Layered double hydroxide (LDH) materials, especially metal–organic framework (MOF)-derived LDHs, have attracted much attention in electrochemical capacitor applications. However, the construction of porous three-dimensional microsphere architectures with controlled morphology is highly demanded for high-performance supercapacitor electrodes. Thus, a simple and effective strategy is recommended to design and fabricate the well-defined layered structure of LDHs with high performance. In this study, we demonstrate the synthesis of nickel–cobalt-LDHs (NiCo-LDHs) by in-situ etching of the Ni-MOF template at different hydrolysis times. Based on the different characterization results of the sample, a formation mechanism has been proposed in terms of the proton production rate and etching process.
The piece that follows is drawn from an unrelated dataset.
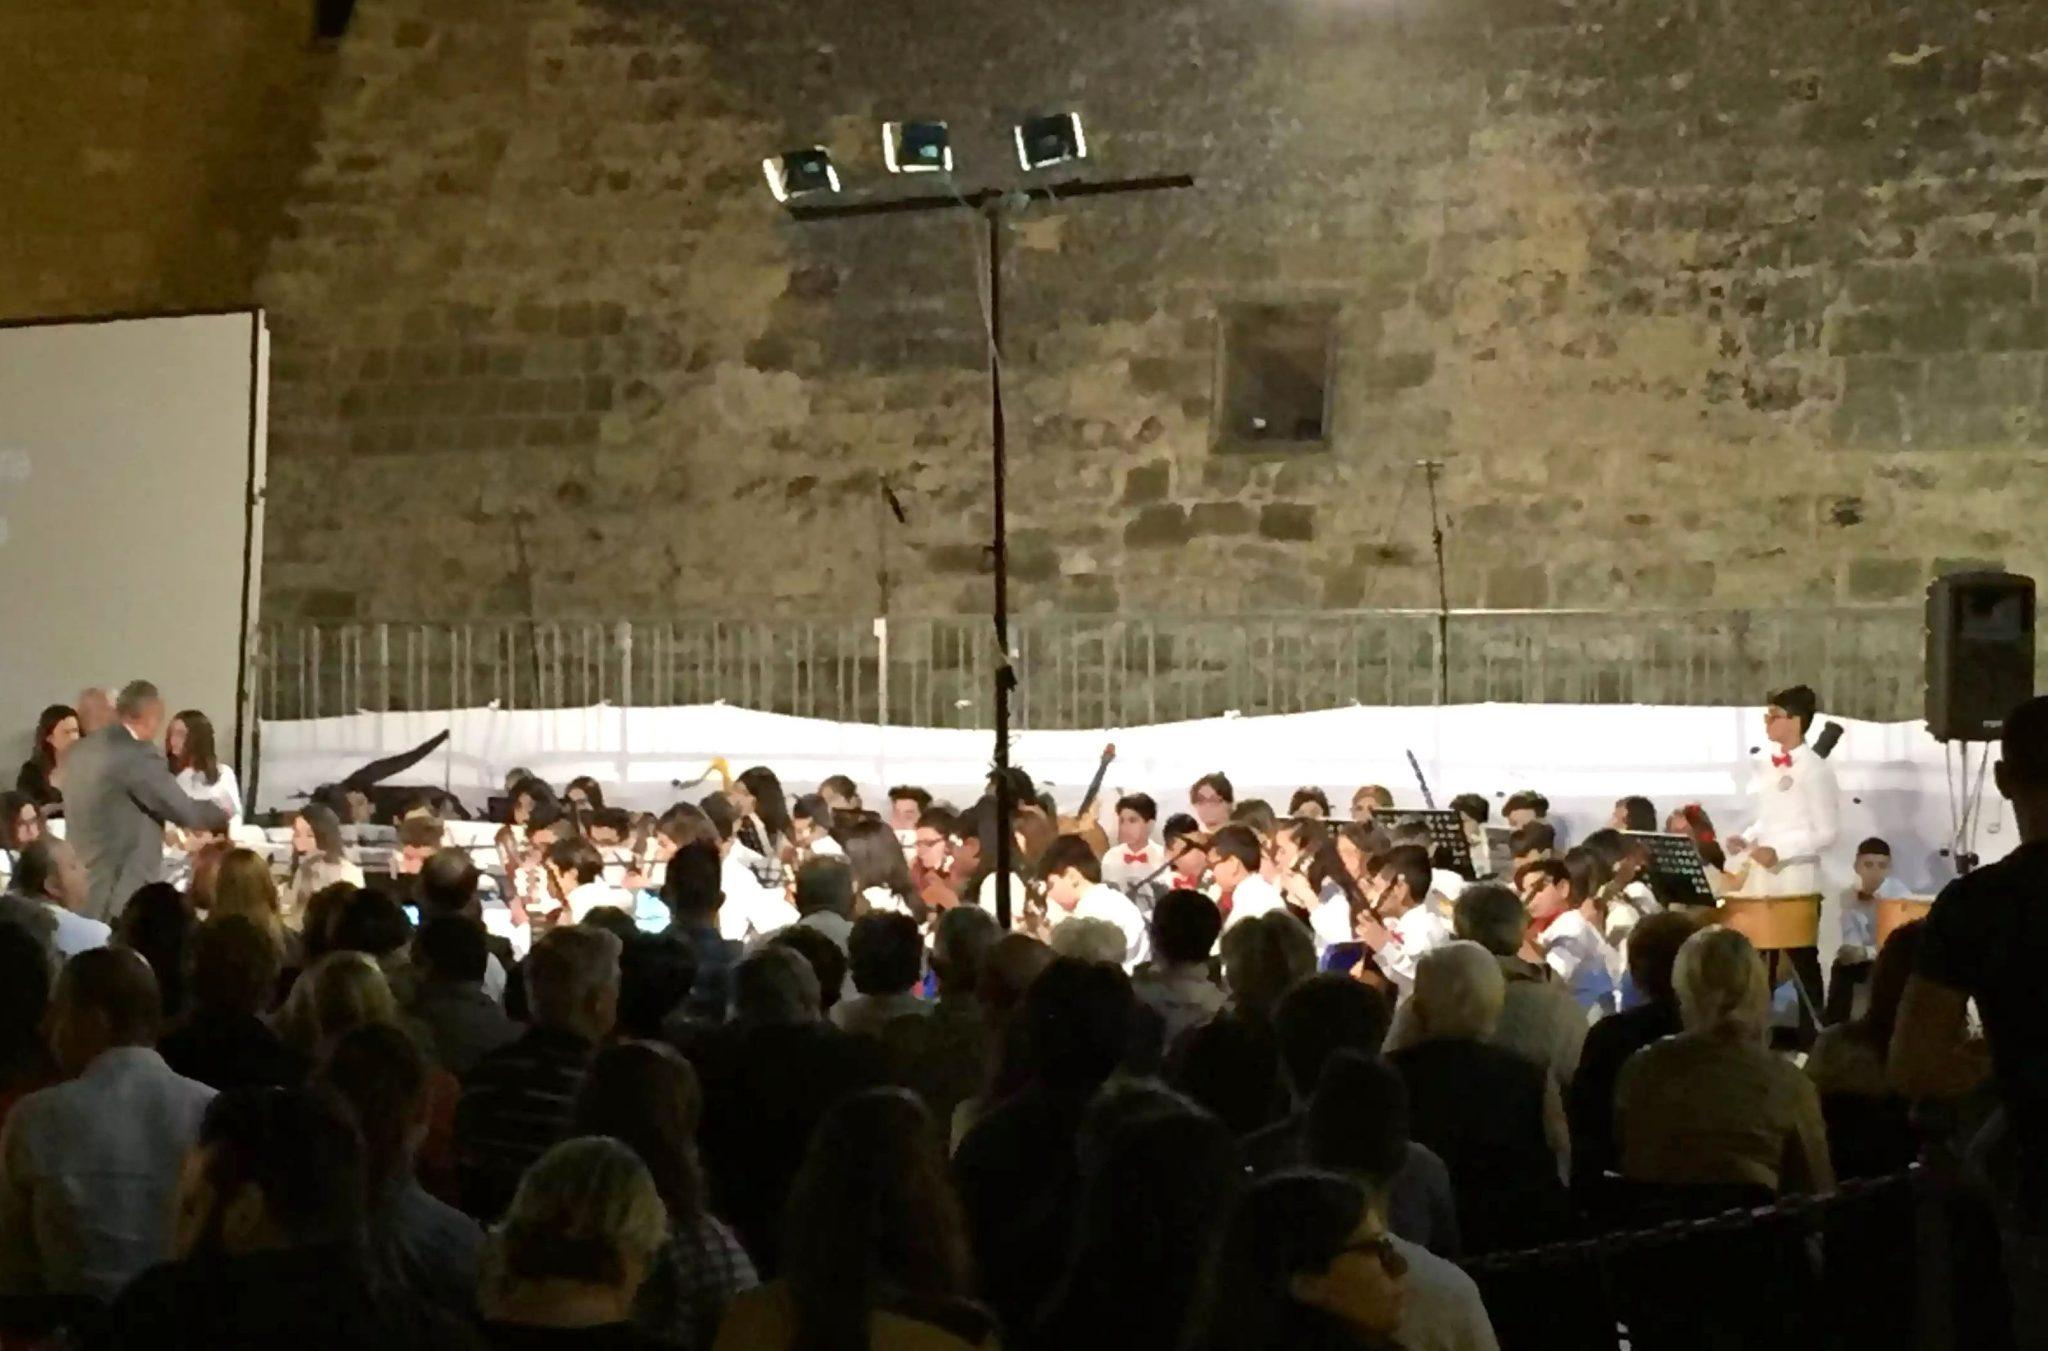 Pulsano Town Concert Dinner Square Puglia

As a result of the disparity in the layered structure and the surface area, the electrochemical behavior of the NiCo-LDHs has been altered. The sample NiCo-LDH/10 (prepared after the 10 h reaction) exhibited a high surface area and the large size of LDH sheets on microspheres, which promoted the rapid electrolyte ion transportation for supercapacitors and displayed a maximum specific capacity of 1272 C g–1 at 2 A g–1. In addition, the assembled asymmetric supercapacitor delivered a remarkable energy density of 36.1 Wh kg–1 with an outstanding cyclic stability (103.9% after 5000 cycles). This work establishes an effective strategy to synthesize a well-defined NiCo-LDH structure from the MOF template toward high-performance asymmetric supercapacitors, which could be extended to large-scale preparation of other transition metal-based LDHs from Ni-MOFs.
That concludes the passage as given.